So this morning we saw a listing for $689. At time of build, 2 1/2-3 years ago it was selling for $800 plus any builder add ons like a finished basement. In Dec. 2014 we viewed a home that had been reduced from $629K to $609K. One year later it was empty and listed for $549K. The one beside, almost identical, was listed at the same time for $525K. A home we viewed six months ago was $669. Went down to $639 two months ago. Today it was re-listed for $599K.

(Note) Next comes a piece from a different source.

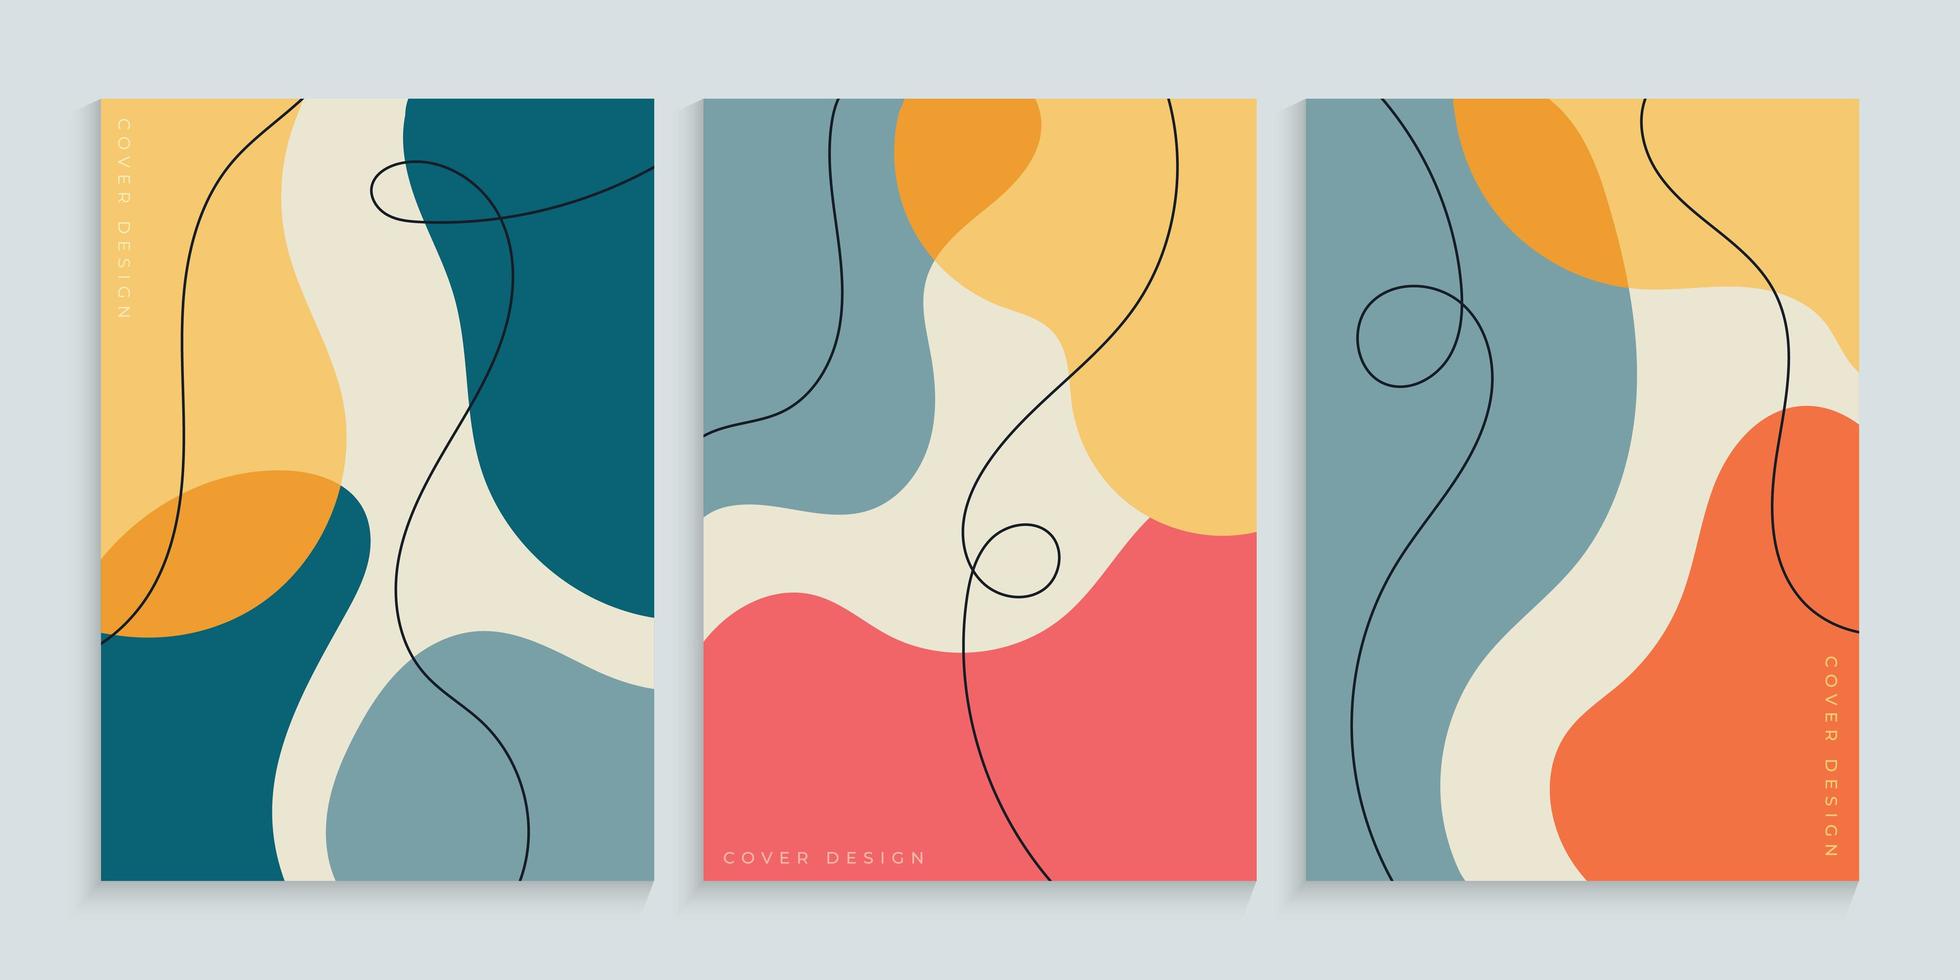 Freehand cover background collection with minimal colorful shapes vector

We are going away for a few months. The pundits agree that there will be another drop in prices between now and spring. Two reasons. Separation packages and EI is running out for many. Sellers are adjusting to the new market price realities. One real estate franchise closed on 31/12. Six offices in the Calgary area, 160 plus realtors. They announced it mid Dec. and closed up shop two weeks later. Not because business is good.

Not sure what is going down in the sub $500K market. The condo market is dropping quickly. An article in the Calgary Herald a few days ago mentioned an interview with a local mortgage broker. He cited a property that that he was familiar with. It was appraised three years ago at 2.5. It was recently appraised at 1.5


Some people may not view this as a housing bust but my guess is that the owner/sellers of these properties may have a different perspective.


----------



## Berubeland (Sep 6, 2009)

Housing busts cannot happen in Canada, so the rest of Canada is going to give Calgary to the United States. Also too much cowboy at the Calgary Stampede.


----------



## mrPPincer (Nov 21, 2011)

^ That would put a bump in the map, besides, what do we get in return?

I have an idea, how about that string of coastline south of Alaska?


----------



## Berubeland (Sep 6, 2009)

In return we get to keep our delusion that real estate in Canada is not completely divorced from economic fundamentals.


----------



## vi123 (Oct 29, 2015)

Karlhungus said:


> In regards to garths myth busted statement about Canada not having a US style crash due to Canada having "stricter lending standards". It's all about a borrowers abiltiy to pay back the loan. A 0 down 40 year mortgage has no bearing on that. In the US they were lending to people with sub 500 credit scores, of course they weren't gonna pay the loans back. Try getting mortgage in Canada with scores like that, no chance.


Are you sure about that?
http://www.huffingtonpost.ca/2015/0...ght-of-broker-fraud-allegation_n_8052934.html


----------



## Berubeland (Sep 6, 2009)

Well it's very simple, those 45 brokers that Home Capital Group let go are still working, they are still originating mortgages they are just not funding them at HCG. They were not reported to FSCO, they were not punished in any way, they were not identified, they did not lose their mortgage license. 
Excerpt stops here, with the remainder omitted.